To keep track of all of the various needs of victims over the years that stem from a tragedy like a terrorist attack or tornado, Mr. Kurtenbach says a central computerized database proves invaluable. In Oklahoma City, he says, the database, set up by the United Way of Metro Oklahoma City with the help of other charities and corporations, could be viewed by 45 charity officials and others “on a need to know” basis, and was “password protected” to keep information confidential. The goal of such a system should be two-pronged, he says: to insure accountability of charities and avoid duplication of services.
But just as important as the computer program, he says, were the Resource Coordination Committee meetings in which charity leaders shared information about donors and aid, and coordinated their response.
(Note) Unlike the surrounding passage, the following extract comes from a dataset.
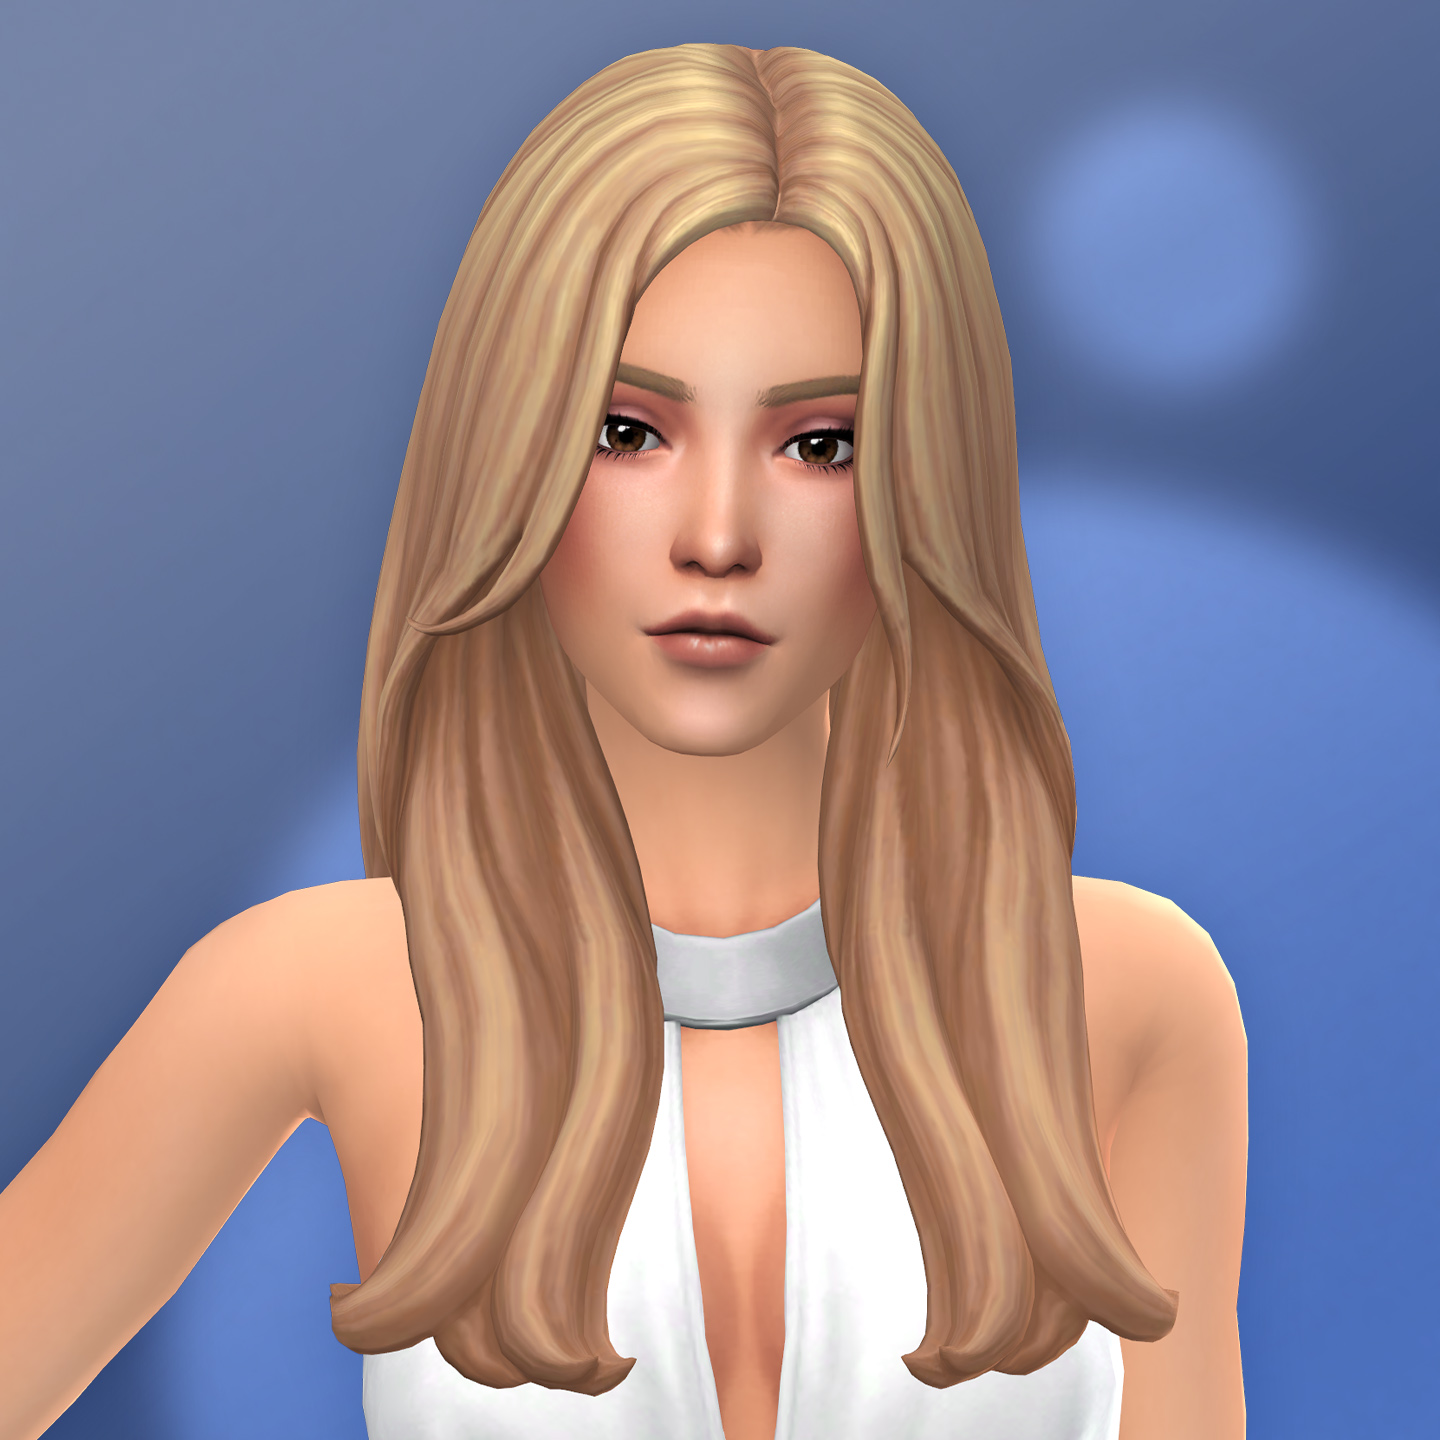 QICC - Claire Hair - The Sims 4 Create a Sim - CurseForge

Mr. Kurtenbach says that in the six years since the Oklahoma City bombing, technology has improved to the point that the use of e-mail or other electronic tools might help avoid the need for weekly in-person meetings. But he cautions against an overreliance on technology. “Charity people should actually hear the voice of a case manager presenting a case and hear other people saying, Well, have you tried this? What about this? Or, I can talk to so and so.”
Such personal exchanges help charity officials cope with the stress of their work and can help cut down on confusion, says Mr. Kurtenbach.
Building Relationships
In fact, relationships among charity officials need to be built and nurtured long before a disaster hits, says Mr. Kurtenbach, so that the nonprofit organizations they lead can react quickly. He recommends that local nonprofit leaders meet with each other regularly at breakfasts or other informal events, so that they can build up a level of trust.
“Even if you are in a large city, you could have people from 30 or 40 key groups periodically just sit down and talk, to get together and get to know each other,” he says.
Mr. Kurtenbach says that, in his new job as a development and marketing executive for Goodwill in Phoenix, he is already working to “get to know all the other nonprofits, the significant ones, those that are going to be called upon in times of community stress — the Salvation Army, the Red Cross, Catholic Charities, the Boy Scouts, the United Way, the Girl Scouts, St. Vincent de Paul.”
Adds Mr. Kurtenbach: “You can kind of count on it that there’s gonna be some type of disaster — let’s hope it’s not terrorism — an earthquake in the West, or hurricanes, or floods, or tornadoes. And why wait until the stressful situation comes to get to know each other? Why not just go have a cup of coffee with people periodically, get to know them? That’s very important.”